My third day on the job, I nearly killed somebody. Okay, I hadn’t, but the surgeon tried to convince me otherwise. Having withstood countless similar assaults in the past, my callused skin was impenetrable. I listened to his concerns, and together we agreed that I could have communicated better. Still, he forgot to withdraw his accusations regarding my attempted homicide.
We practice in a fishbowl in the emergency department – surrounded by critical eyes that wait for us to do wrong. We’re considered the cowboys of the hospital: the ones that mainly care about getting out on time so we can ride our mountain bikes or run a marathon. And we’re rarely regarded as the smart ones. A cardiac surgeon can walk into a hospital on her first day and without knowing any of her background, other specialists will bow in reverence. In the emergency department, though, we have to prove ourselves – until then, we’re an unknown commodity, and a potential threat to everything that matters.
I’ve worked at twelve different hospitals in my career, and this story has followed me to each. It’s frustrating – I had worked hard, my patients and other consultants liked me, yet it never carried over. I had to start from the bottom of the well, and claw out, just to be seen as an equal.

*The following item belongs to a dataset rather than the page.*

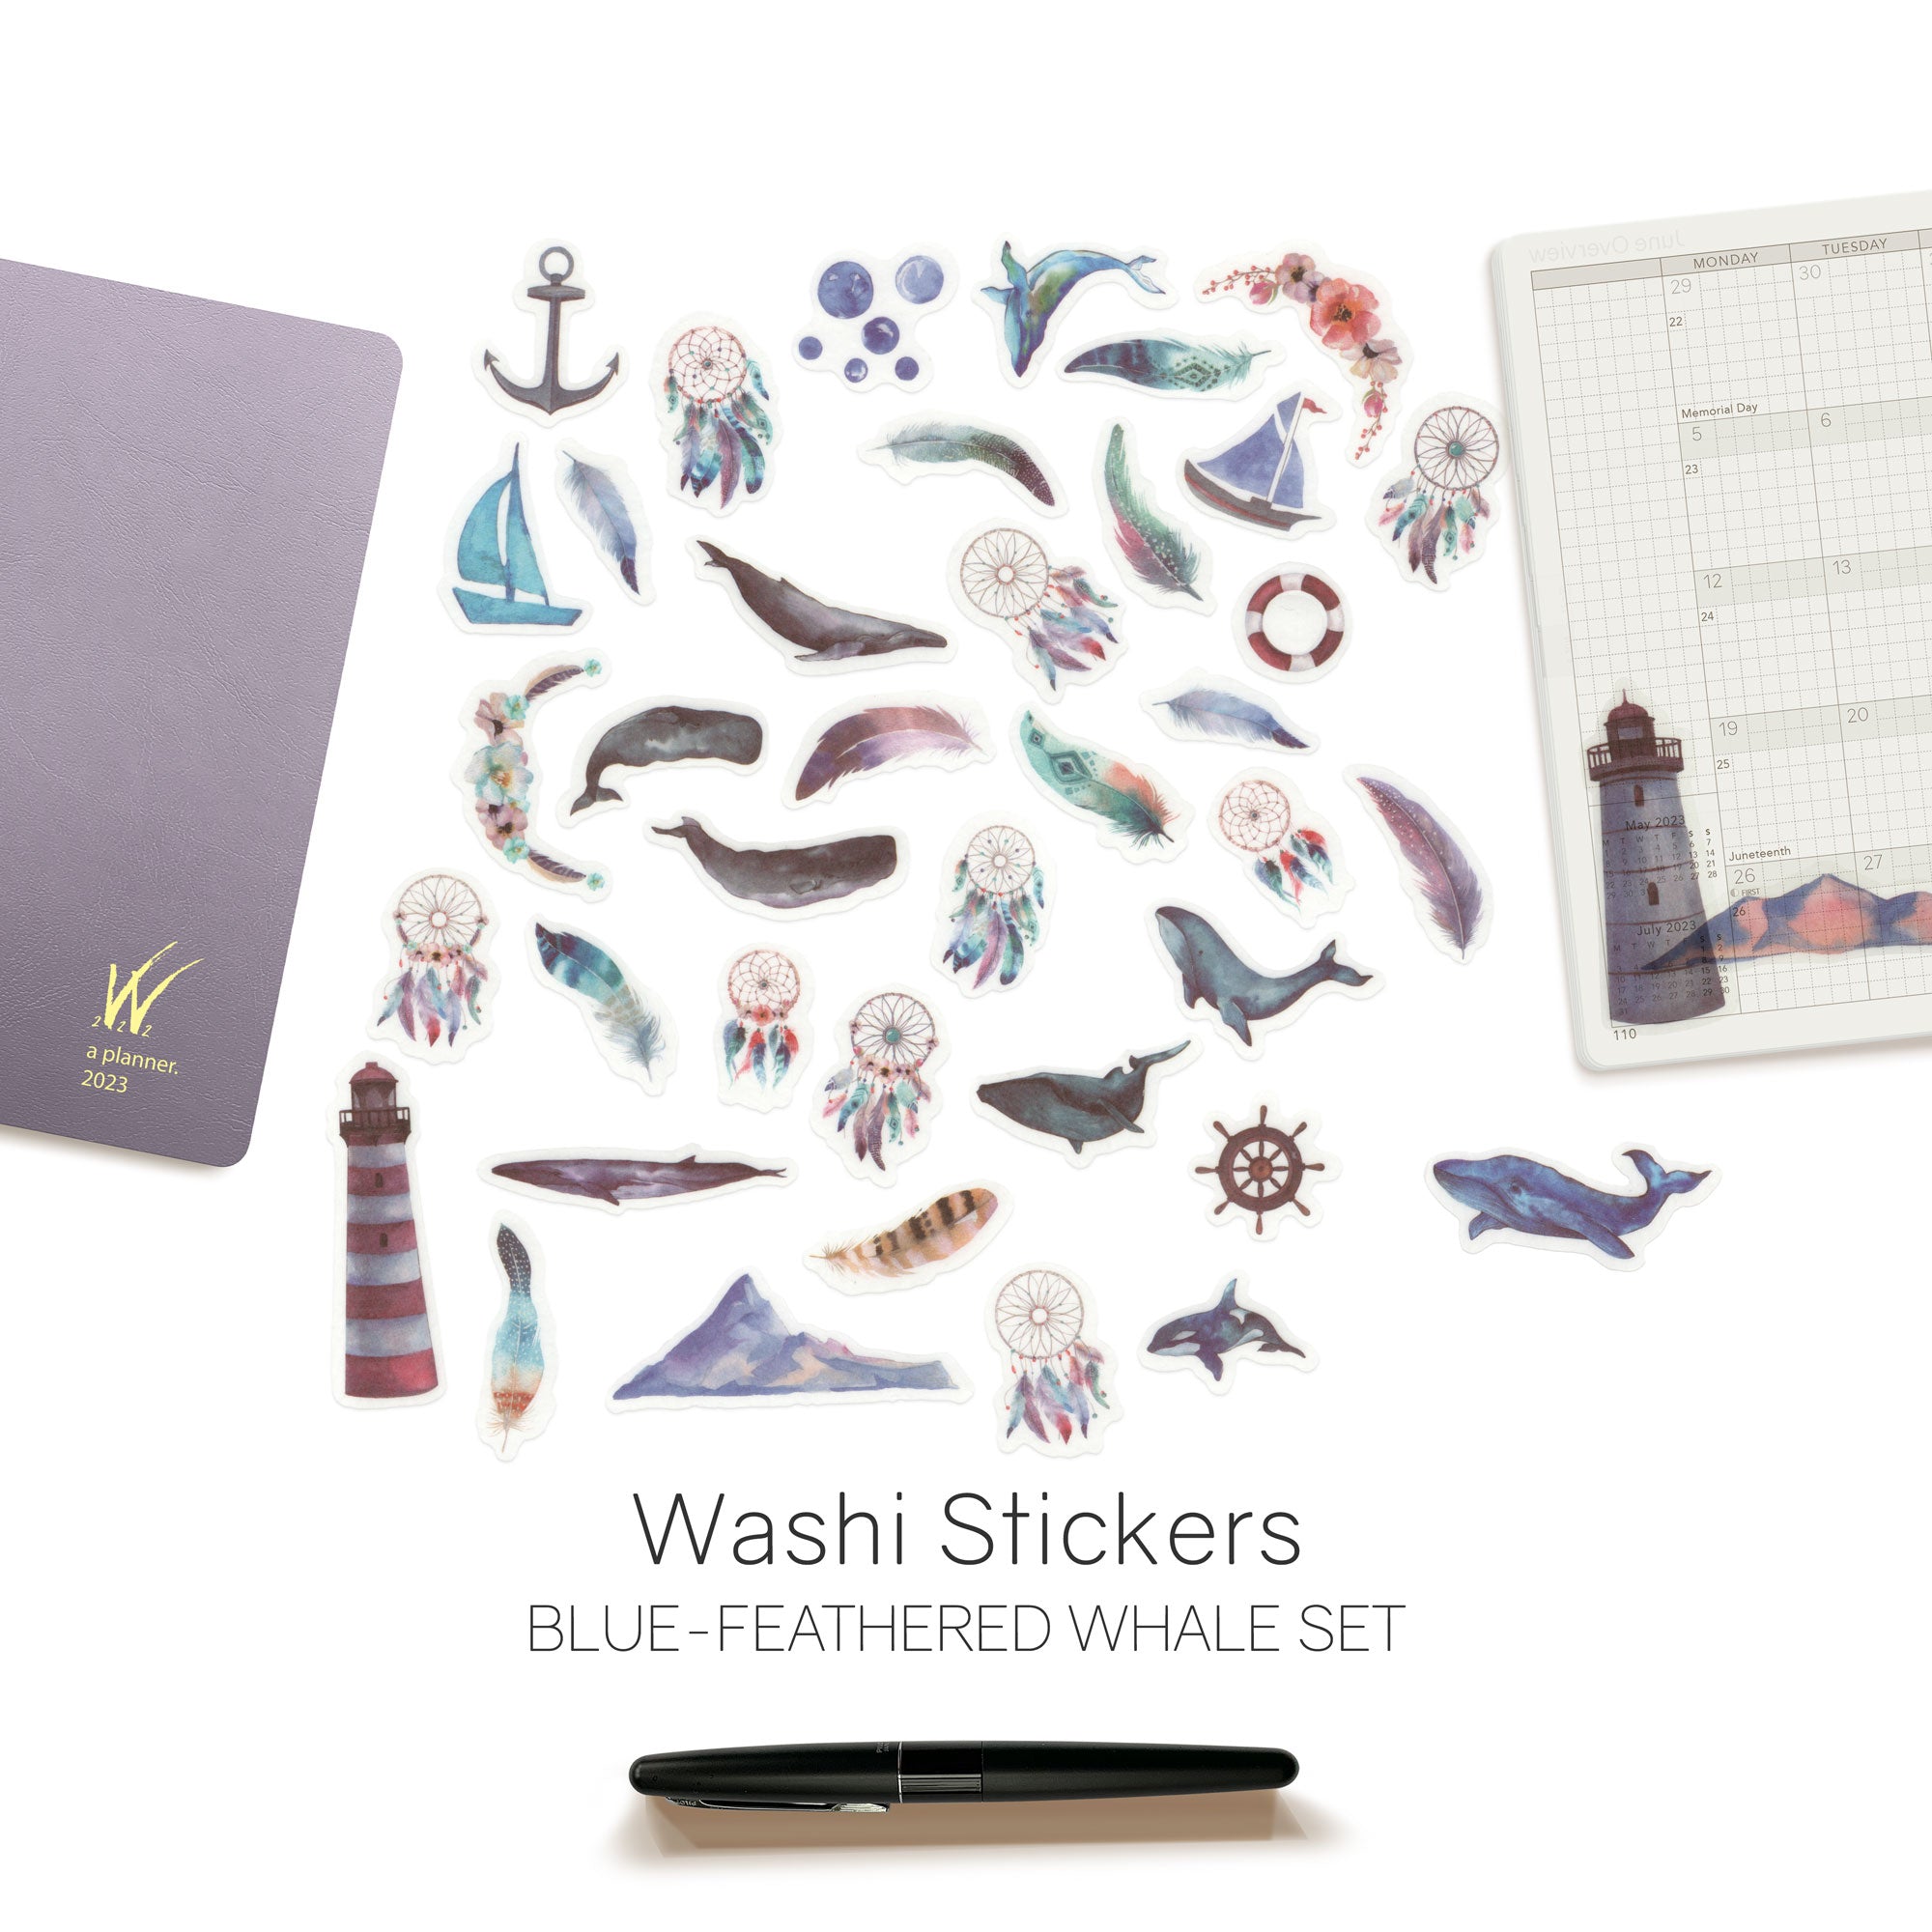 Watercolor - Washi Stickers – Wonderland222
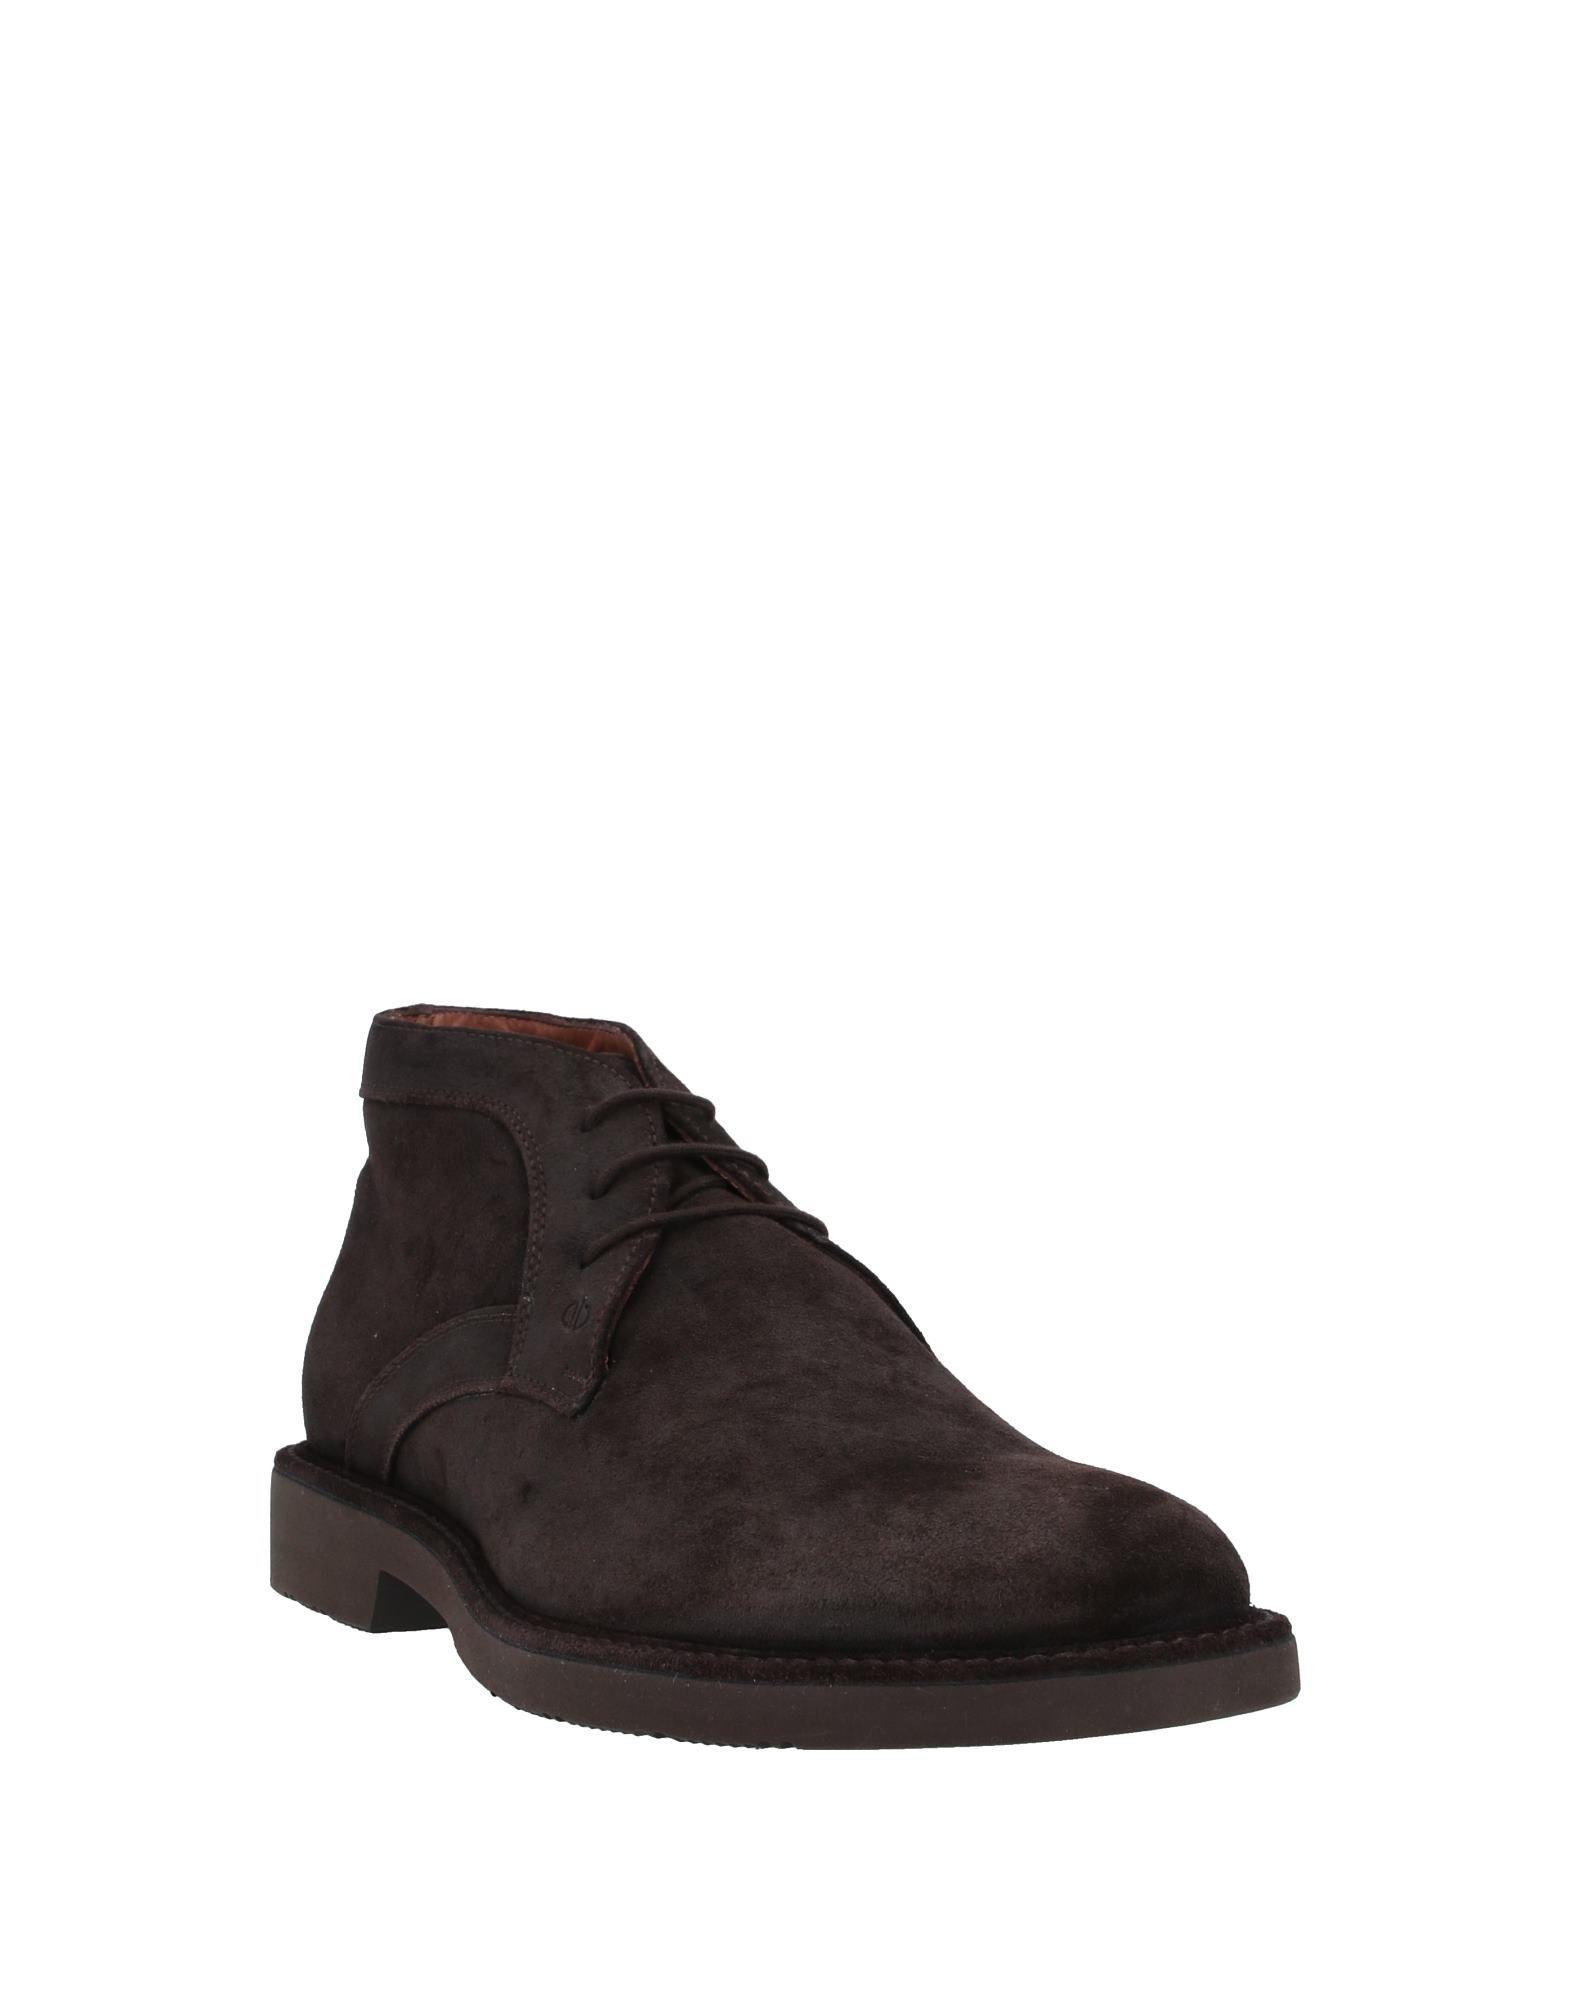 Aldo Brue' Suede Ankle Boots in Dark Brown (Brown) for Men - Lyst

But I’ve noticed that the red carpet can trip those that walk upon it. It can blind the specialist to their arrogance and faults, and cement their old-fashioned, potentially harmful practices. It can keep them from becoming the version of greatness that they originally sought. Starting from the bottom means I have the chance to remind myself of the person I want to be – for me, and for others. It allows me to re-center those thoughts, so I don’t continue blindly on a wayward path. Instead, I can secure, or even redirect, my ladder to the wall that I want to define me.
The way I see it, my past determines my legacy, but my present determines my future. And I’m appreciative of any reminders that I can, and should, keep climbing.
“This is life. Things get taken away. You will learn to start over many times — or you will be useless.”